Festival le plus multidisciplinaire en ville, Les Escales improbables offrent aux curieux un savant mélange de danse, d'arts visuels, de théâtre... et de bien d'autres choses encore. Parmi la foule de projets innovateurs qui y sont présentés à compter de vendredi, on retrouve L'Épicerie musicale de Jérôme Minière et Marie-Pierre Normand. Culture et agriculture n'auront jamais été aussi liées.

L'idée d'associer la musique à des produits du terroir est née il y a deux ans, lorsque Jérôme Minière a lancé son disque Le vrai le faux. CD en chocolat, tranches de saucisson venant avec code de téléchargement, le concept avait amusé bien des gens et a fait son chemin dans la tête de l'auteur-compositeur-interprète.

Pendant Les Escales improbables, il tiendra donc une épicerie musicale où on pourra se procurer des produits locaux et frais, telles des pommes, des carottes, des betteraves ou des patates... et des chansons. Un pied de céleri, par exemple, coûtera 99 sous. En l'achetant, un code de téléchargement collé sur une étiquette permettra d'accéder à une des 21 chansons composées pour l'occasion. Les acheteurs auront trois jours pour les télécharger.

Le tout se déroulera dans un stand élaboré par l'artiste visuelle Marie-Pierre Normand. «Ça ressemblera à ce qu'on peut voir au marché Jean-Talon. Nous avons peu de moyen alors ce sera simple, fait de matériaux recyclés, avec beaucoup de bois», explique Jérôme Minière, qui a souvent été l'initiateur de projets éphémères et ponctuels, mais qui ne détesterait pas non plus «sortir de ce schéma» et se lancer dans quelque chose de longue haleine.

D'où viennent ces 21 chansons? Au printemps dernier, le chanteur a demandé à des artistes de tous les horizons de participer à son projet et de lui fournir une pièce «absolument inédite». Dix-neuf personnes ont répondu à l'appel, dont Alex Nevsky, les soeurs Boulay, René Lussier, Gaële, Émilie Proulx et Bori. Jérôme Minière en a écrit deux, une sous son nom et une autre sous le nom de son alter ego, Herri Kopter. Et si la plupart des artistes ont écrit une chanson exclusive, d'autres lui ont fourni des pièces déjà existantes, mais tout de même des raretés «qui n'avaient pas beaucoup de vécu».

«Il y davantage de gens qui auraient voulu participer, souligne le chanteur organisateur. Ils ont dû décliner parce qu'ils n'avaient pas de temps, comme Pierre Lapointe, par exemple.» Quand il regarde la liste des participants, Jérôme Minière est heureux de voir qu'il n'a pas rejoint que la communauté électro-acoustique, constate que la relève est bien représentée, déplore l'absence de la musique classique et du hip-hop, et bien sûr celle de Navet confit!

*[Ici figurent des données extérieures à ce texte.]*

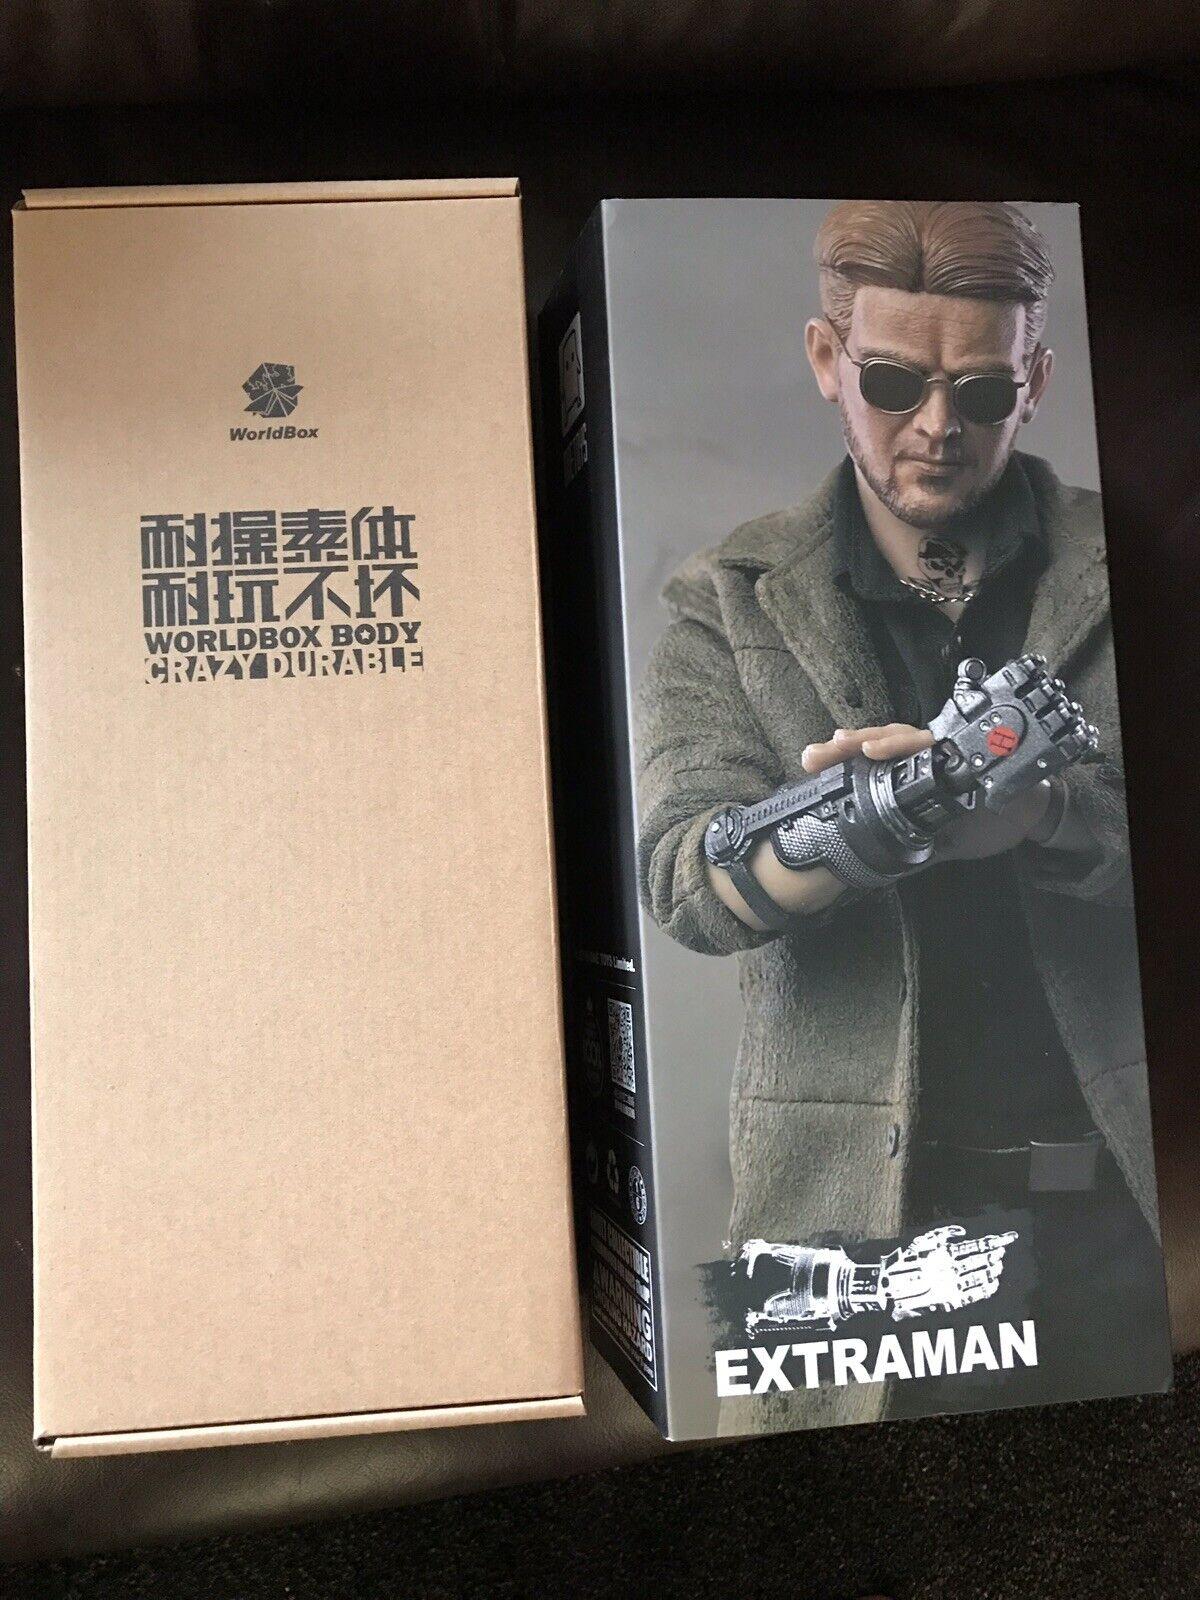 1 6 6 6 Onetoys x World Box OT-003 Extraman Logan Donald Pierce Not Hot Toys Figure 330309

«C'est une invitation pour la prochaine fois... Ça prend quand même un certain humour pour participer à ce projet, parce que ça reste farfelu. Même s'il y a un côté philosophique derrière, une réflexion sur la perte de matérialité de la musique en l'associant à un objet digérable. L'artisanat est devenu notre seule valeur ajoutée. Pour moi, il est aussi question de comment on garde la valeur intrinsèque de notre travail. Parce que même si l'offre est immatérielle, il y a eu travail physique derrière.»

Ces chansons sont donc le résultat d'un été de création, et non un portrait exhaustif de ce qui se fait en ce moment à Montréal. «C'est la récolte d'un été, dit en souriant Jérôme Minière. Comme au marché. Et comme au marché, il y aura une grande variété disponible.»

Le chanteur avoue avoir été surpris et ému par le résultat, des chansons fragiles, autoproduites, en dehors des standards de l'industrie. «Entendre quelqu'un faire sa chanson avec une guitare et un ukulélé, c'est touchant. Les gens se sont mis dans un état de vulnérabilité, ils sont sortis de leur cadre habituel.» Les acheteurs pourront se procurer leurs «produits» à l'unité, mais il sera possible aussi de repartir avec un panier complet. La récolte sera bonne.

Du 7 au 9 septembre, de 14h à 18h, au bassin Bonsecours dans le Vieux-Port de Montréal.